顧筠伏在顧老夫人的腿上,“我知道的,知道祖母心疼我,我什么都好,祖母不用掛念我,裴殊他對我很好,凡事拎的清,英國公府我們不會再回去了”
顧筠絮絮叨叨說了很多在家的事,種地,養雞,說以后會給祖母送麻醬,就交到祖母身邊的嬤嬤手里,還說年禮有盒子草莓,是給她的。
顧老夫人道“難為你有這份孝心。”
和顧老夫人說了一刻鐘的話,老人家體力不支,睡了過去。
顧筠給老夫人蓋上被子,悄悄退了出去,李氏還在等她。
見了女兒,李氏只有哭的份兒,眼淚止不住地往下流,母女倆抱頭哭了好一會兒,李氏把顧承霖打發走,由衷笑道“看著高了,還胖了些。”
李氏捏了捏顧筠的腰身,是細的,可別處長了不少,“你這阿筠,娘得叮囑你幾句,嫁了人,身邊又沒有個向著你的長輩,你得自己當心,可看過大夫”
顧筠知道李氏說的是何事,“娘你忘啦,女兒就看醫書,自己什么樣還不清楚嗎。”
她年前才和裴殊圓房,哪兒能那么快。
李氏拍拍心口,“那娘就放心了,還是早早生下孩子,清韻和綠勺”
陪嫁丫頭為了干啥不用明說,李氏做妾的,知道做妾的艱辛,更知道顧夫人對自己的不喜,可是時下男子十有八九都納妾,指望情誼,那玩意能當飯吃嗎。

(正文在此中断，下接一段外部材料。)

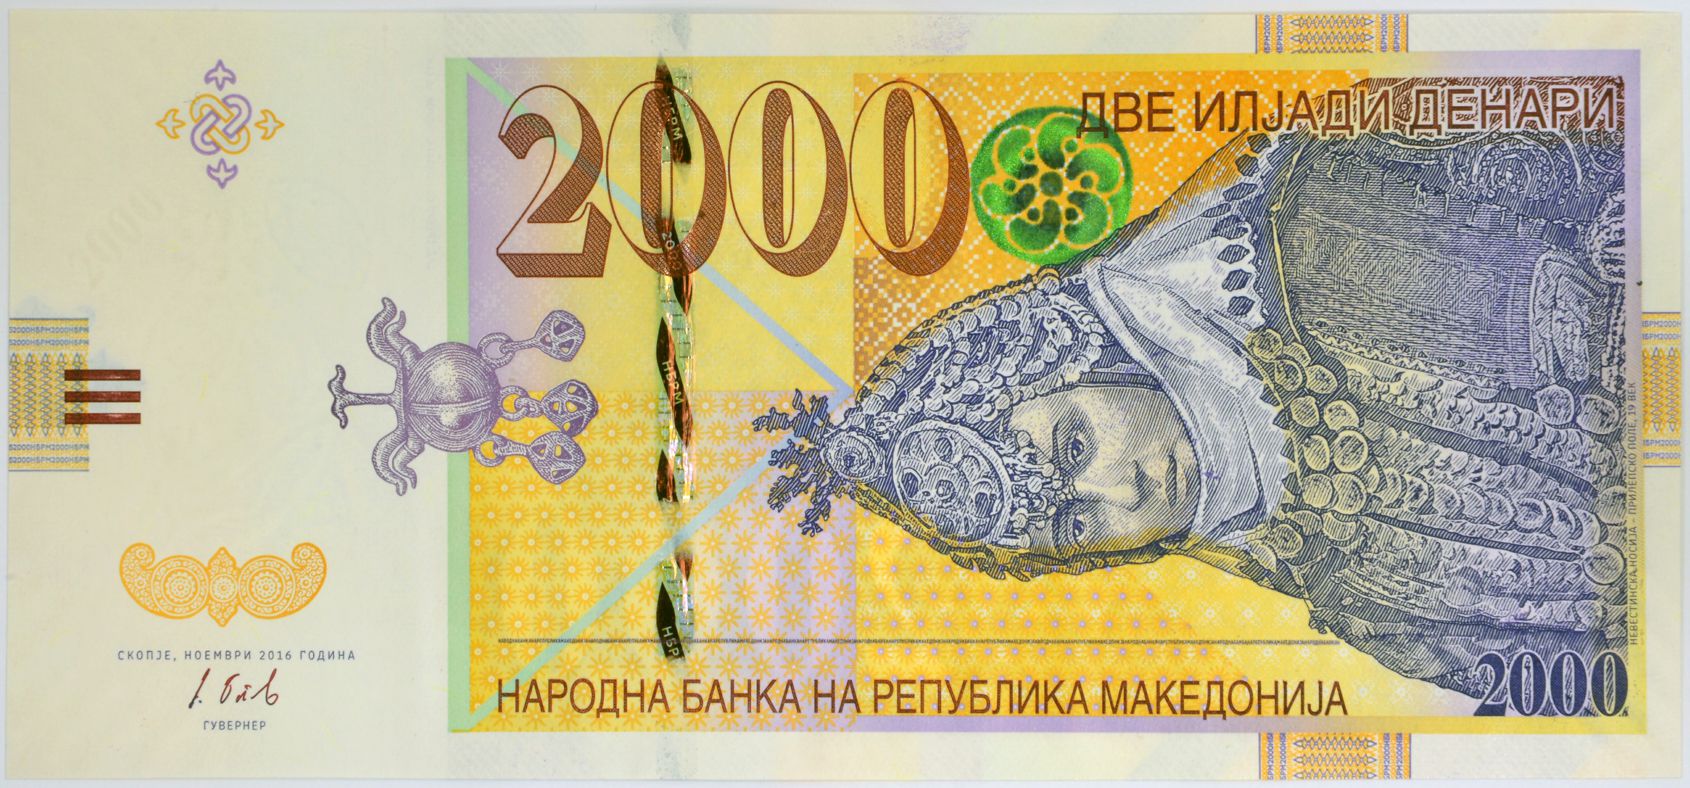 Macedonia to Issue New 200 & 2,000 Denar Banknotes

顧筠急忙打斷李氏,“娘您聽我說,我和夫君一同離開國公府,相扶互持才有了今天的日子,無論如何我也不會主動給夫君納妾的,若是他日他變了心,我頂多會傷心難過一段時間,我還有錢財。”
“道理女兒都懂得,我不想傷了夫妻情分。”
李氏不方便再勸,顧筠向來是個聰慧的,拿捏裴殊還不算什么。
“那生孩子也是要緊事,聽到了沒,萬事留個心眼兒,娘這不用你操心,承霖還小,夫人仁義,等他長大了就出府,娘還等著抱外孫呢。家里的事兒能推就推,他們又不是你親兄弟,以后承霖你能拉扯一把就好。”李氏就這么兩個孩子,那時裴家出事,她一夜一夜地睡不著。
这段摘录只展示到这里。